5) Focus on what you can control
About 20 years ago I trained to become a psychotherapist, and one piece of learning in particular resonated with me. It’s something I have practiced since, and has really changed how I view and approach life.
This concept was created by author and leadership guru Steven Covey, and it’s a really powerful way to identify the worries you can legitimately focus on, and those you can learn to let go of.
The concept is simple. You just need to understand which of two ‘circles’ your worries fall into, and learn to let go of any worries that fall outside your circle of influence. The circles are:
- Your circle of concern: Things over which you have little or no control, such as national politics, world hunger, terrorism, the weather etc.
- Your circle of influence: Things you can and DO control, such as your health, your children’s diet and problems at work.

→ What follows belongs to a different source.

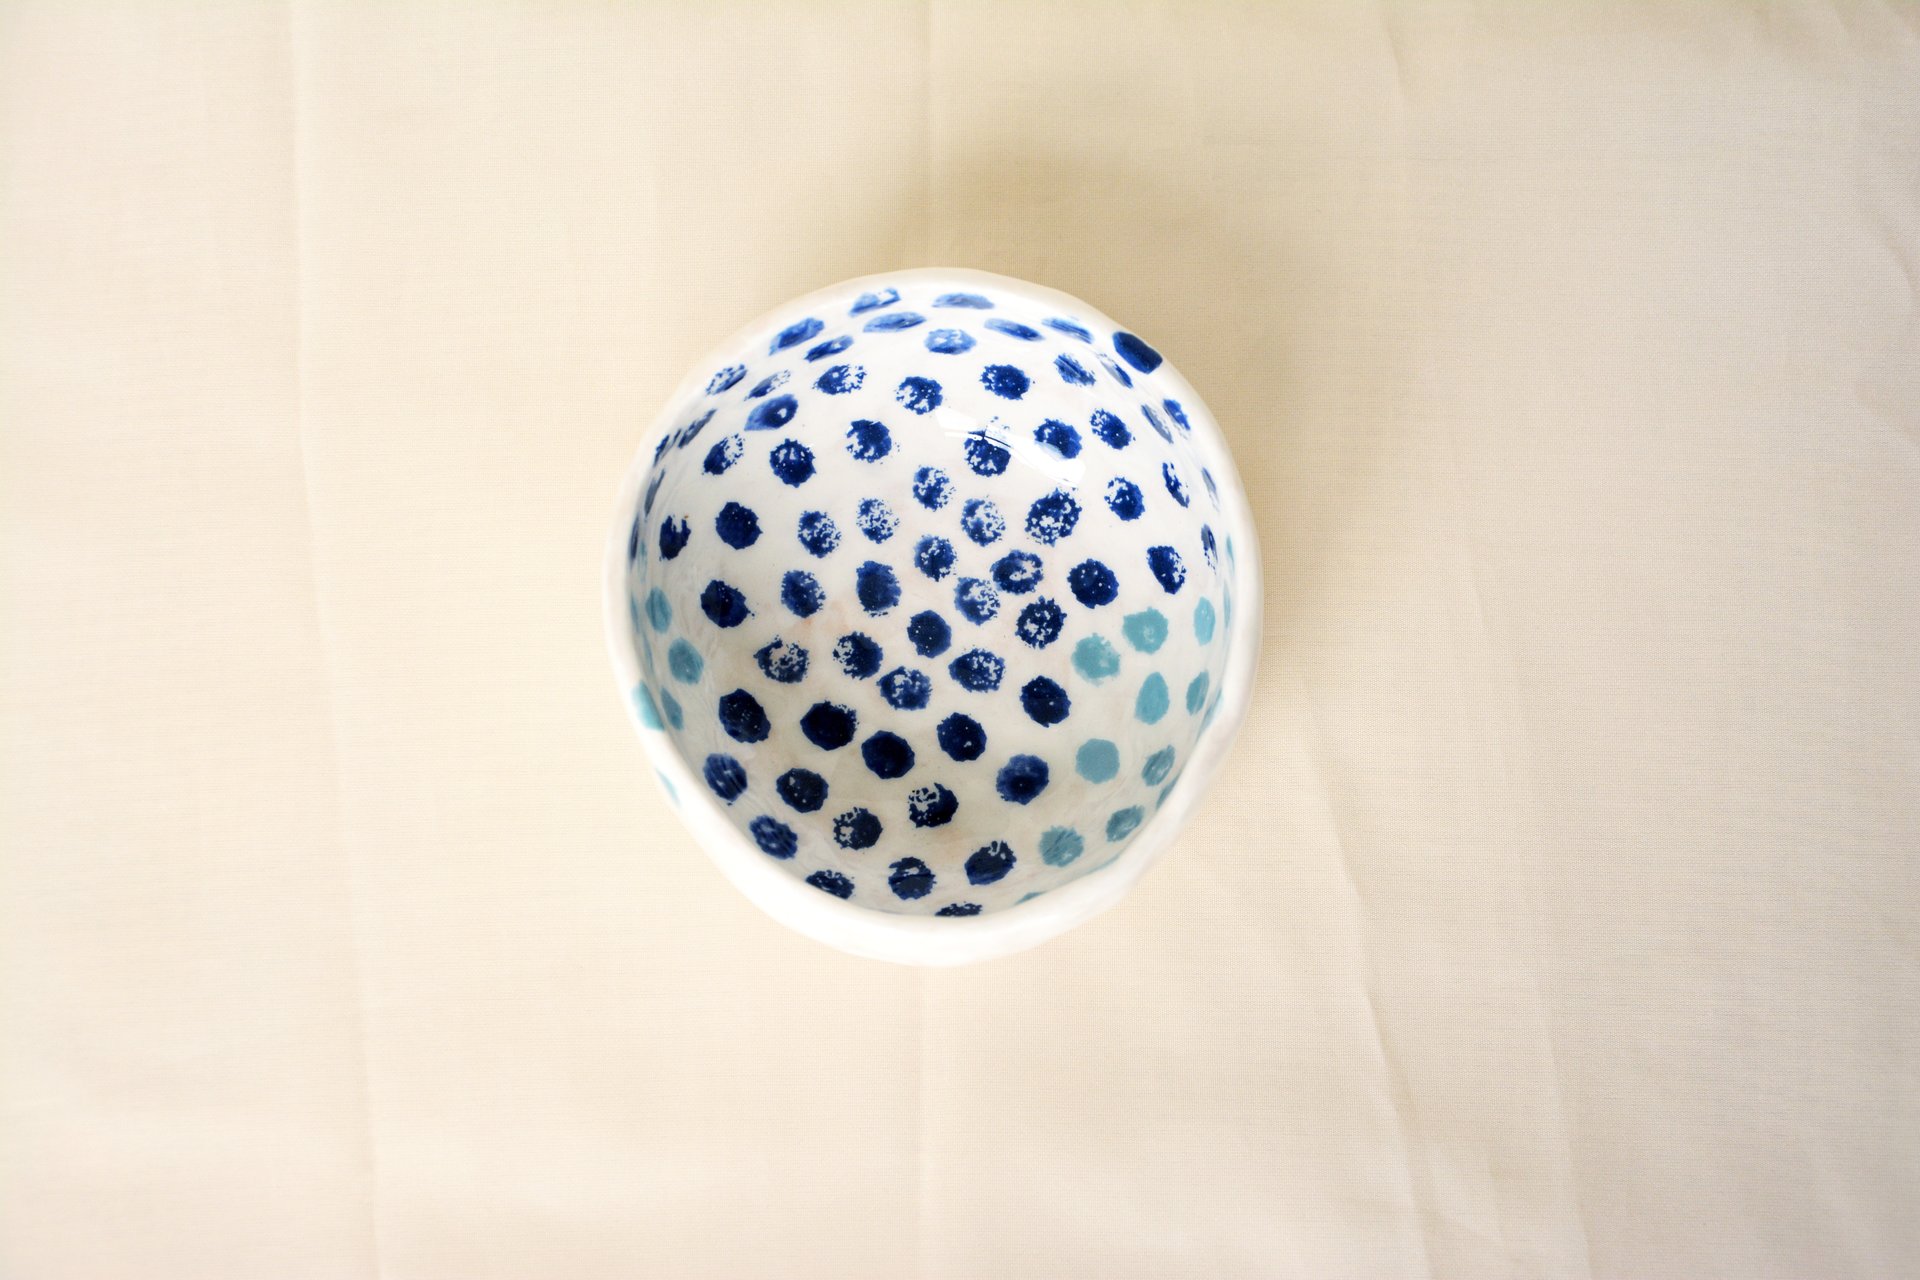 Синие точки на белом - Керамические тарелки, высота - 5 см, диаметр - 11 см, фото 2 из 3.

The key to happiness and inner peace, is to find a way to let go of things that fall into your circle of concern that are outside your circle of influence. You can’t do anything about these things, so worrying is futile and emotionally draining. By focusing on things you CAN influence, you will feel more empowered and content – and happier.
You can read more about the principle here, as well as a four-step technique to banish over-worrying. And given the benefits from worrying less include less tension, feeling less on edge, more energy, better sleep, more mental space, greater comfort with uncertainty, easier decision making, less irritability, better relationships and more life enjoyment, it’s certainly worth putting into practice!
Happiness isn’t an accident, it’s a daily practice
I hope this article has helped you see that feeling happy isn’t something that just ‘happens’ to people. And while it can certainly help, it’s also not controlled by external luck. Instead, happiness is something that you can work on, and grow more of, simply by practicing habits like those we have shared above every day.
Just think, if you start making small tweaks to your life today, even as simple as meeting a friend for coffee, how much happier might you feel in a month’s time? And how many extra happy years of life might you live as a result?